In the present study, we evaluated the performance and clinical utility of a high-sensitivity troponin T (hs-cTnT) assay. The within- and between-assay variations (coefficients of variation: CV) in the low and high concentrations of troponin T in serum samples were 0.84% to 3.34%, respectively. Analysis of interferents showed that only hemoglobin negatively influenced the assay results. Blank assay was < 0.001 ng/mL, and a limit of quantification (10% CV) was found at 0.005 ng/mL. The correlation coefficient (r) between hs-cTnT and the conventional assay was 0.997 (p < 0.000).
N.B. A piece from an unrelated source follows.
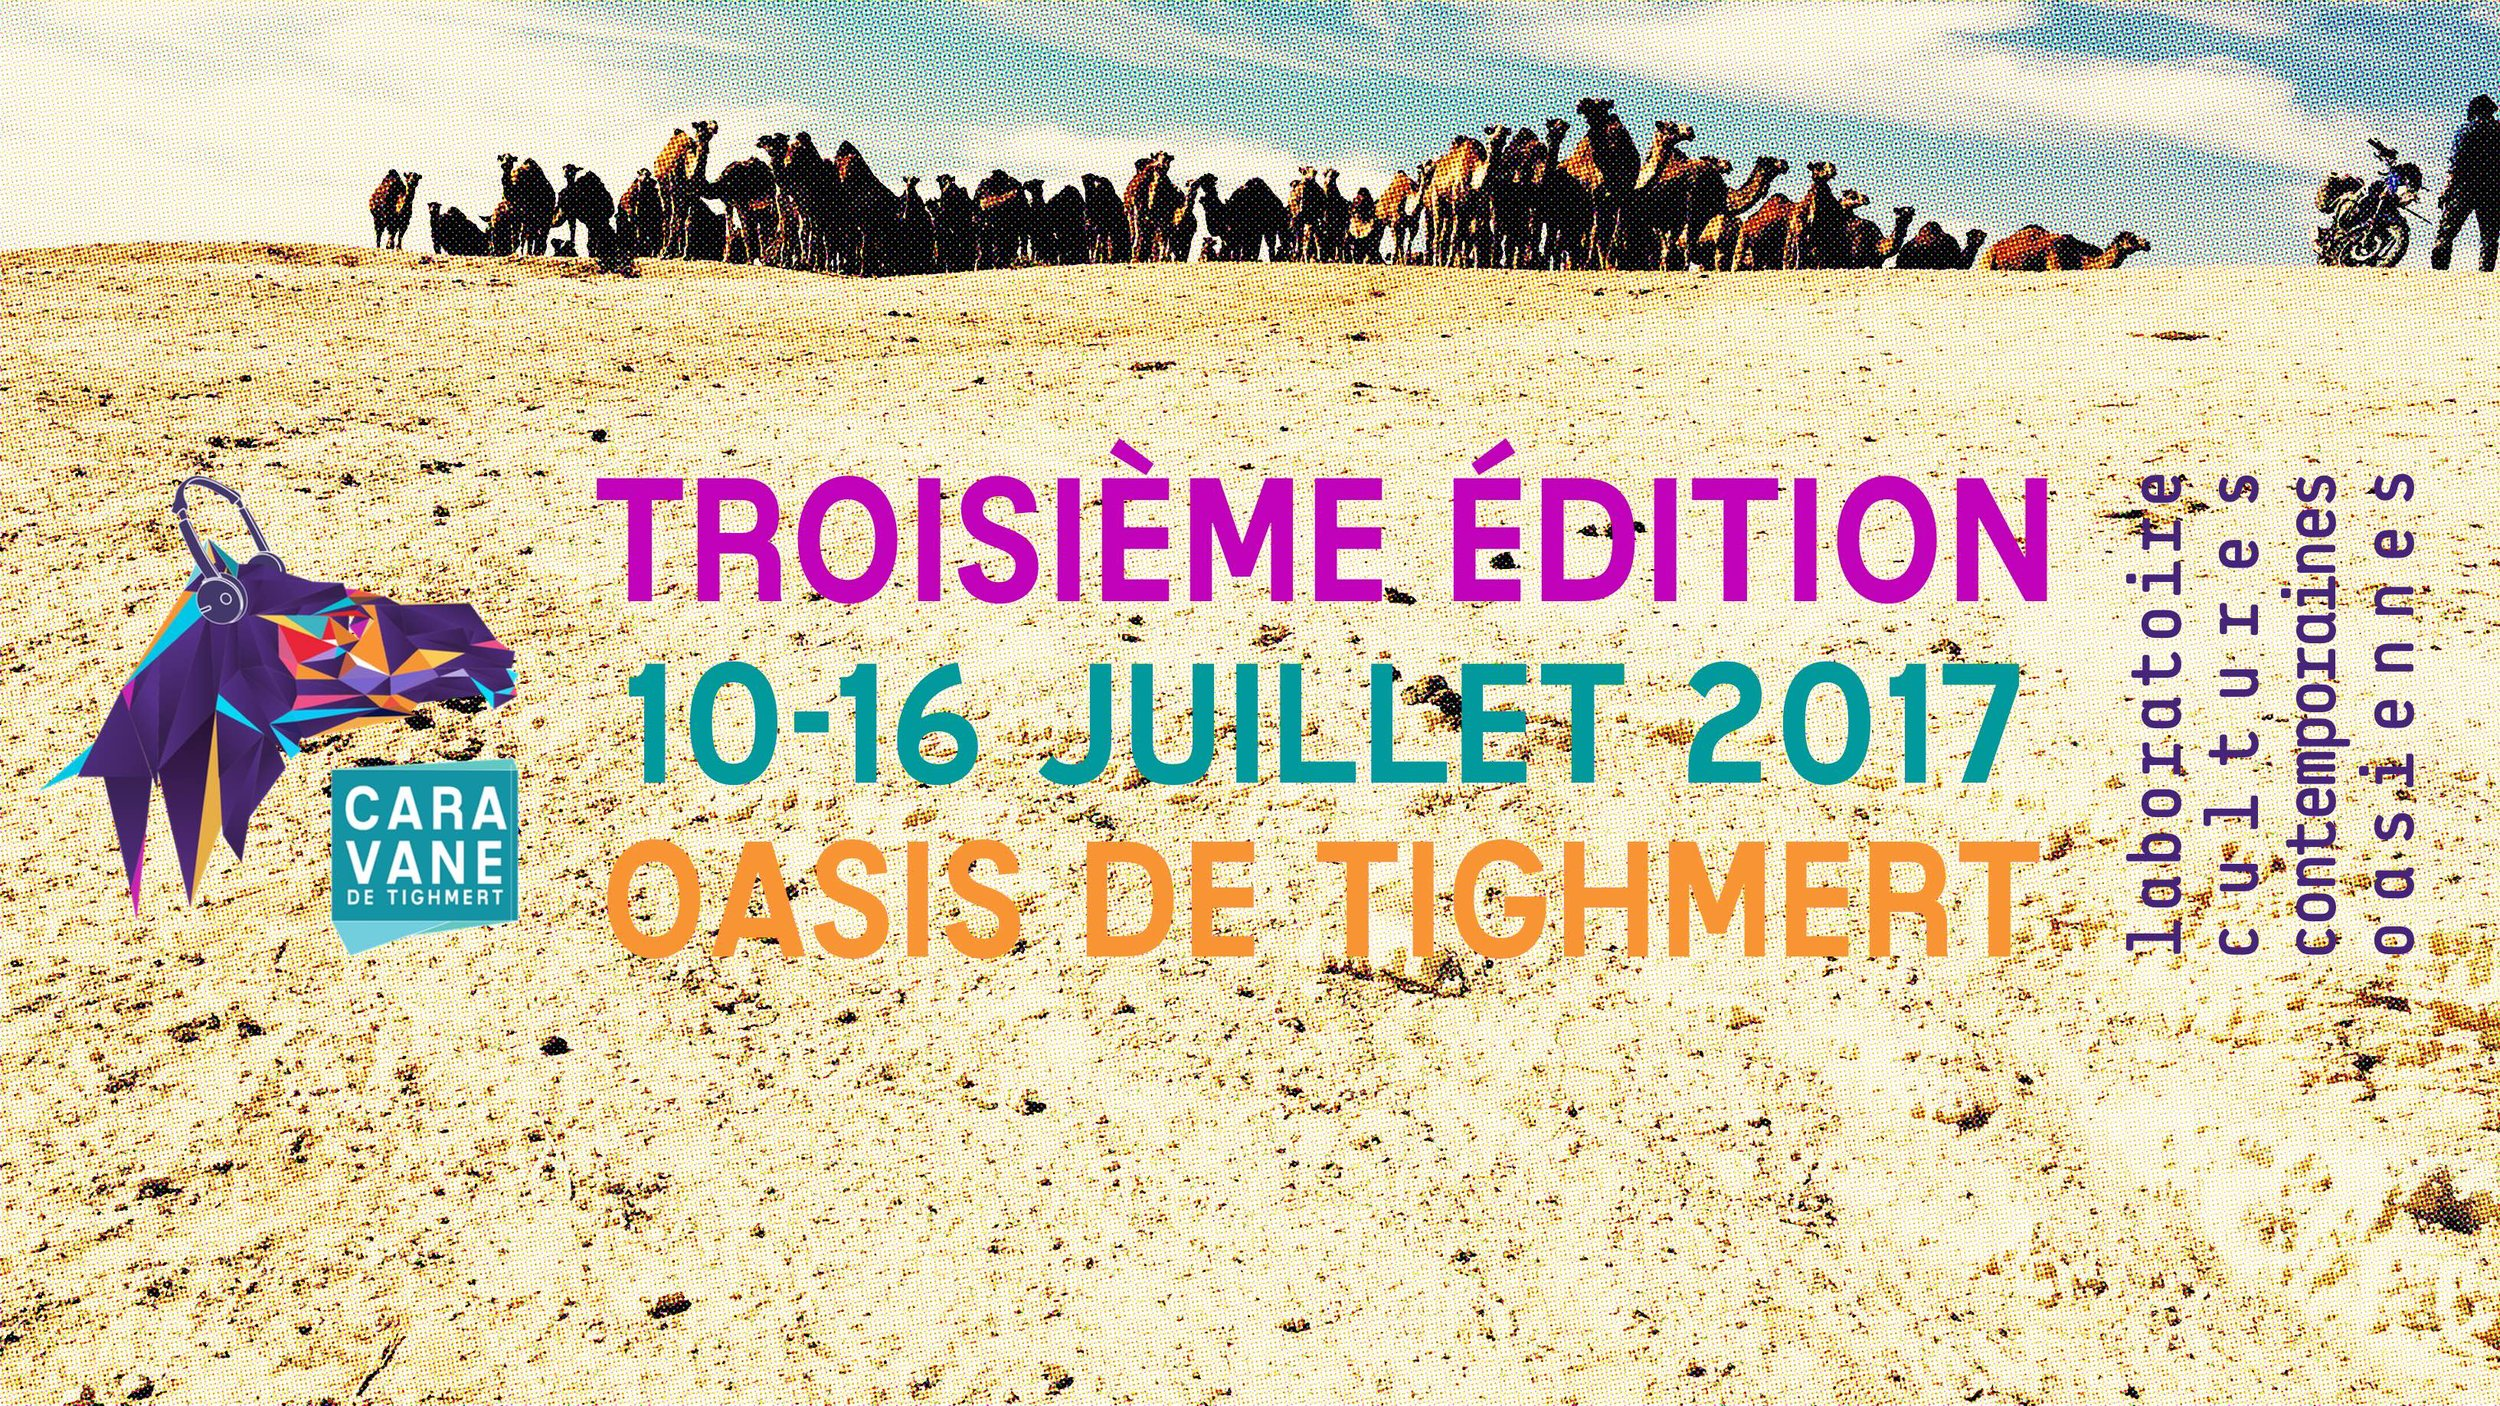 CARAVANE TIGHMERT 2017  affiche 01.jpg
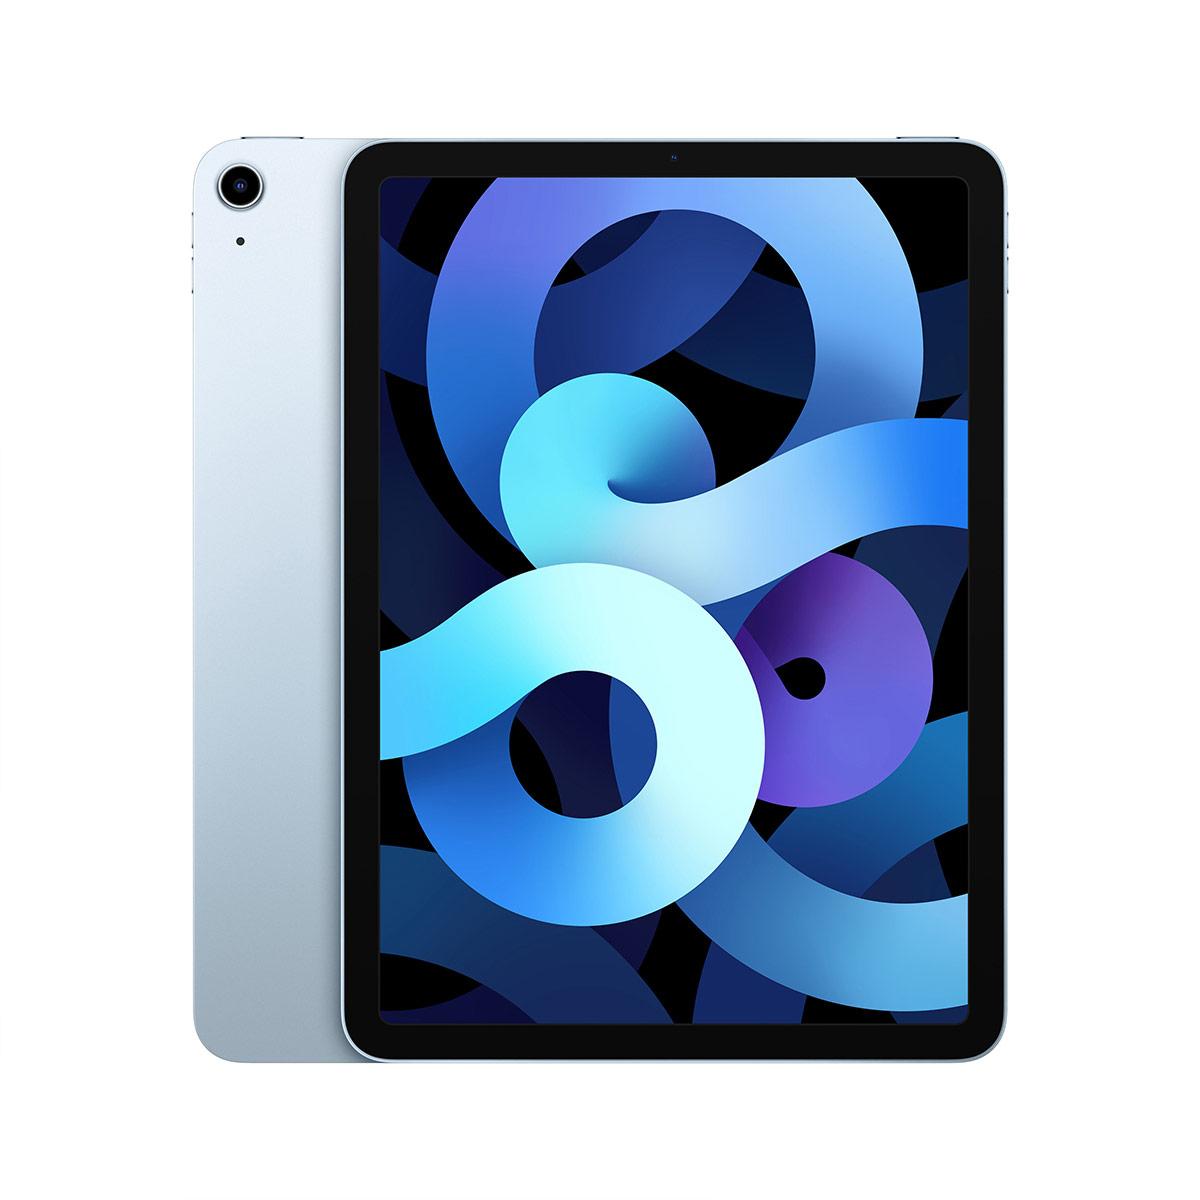 "Apple iPad Air 10.9"" 256GB WiFi - Sky Blue"

The high-sensitivity assay system could detect cTnT in 88% of samples in which the conventional assay could not detect any immunoreactivity. The 99th percentile in healthy subjects, determined using 559 samples from medical checkups, was 0.011 ng/mL. There was a gender difference (hs-cTnT levels were higher in men than in women), and hs-cTnT levels increased with age. Because hs-cTnT level exceeded 0.011 ng/mL approximately 2 hours after the onset of chest pain in patients with acute myocardial infarction, hs-cTnT can serve as a biomarker for early detection of myocardial infarction. There was a positive correlation (r = 0.491, p < 0.001) between hs-cTnT and NT-proBNP, and hs-cTnT levels increased with the progression of the disease state, as assessed using New York Heart Association (NYHA) classification. These findings indicate that the hs-cTnT assay is sensitive enough to diagnose early-stage acute myocardial infarction and congestive heart failure.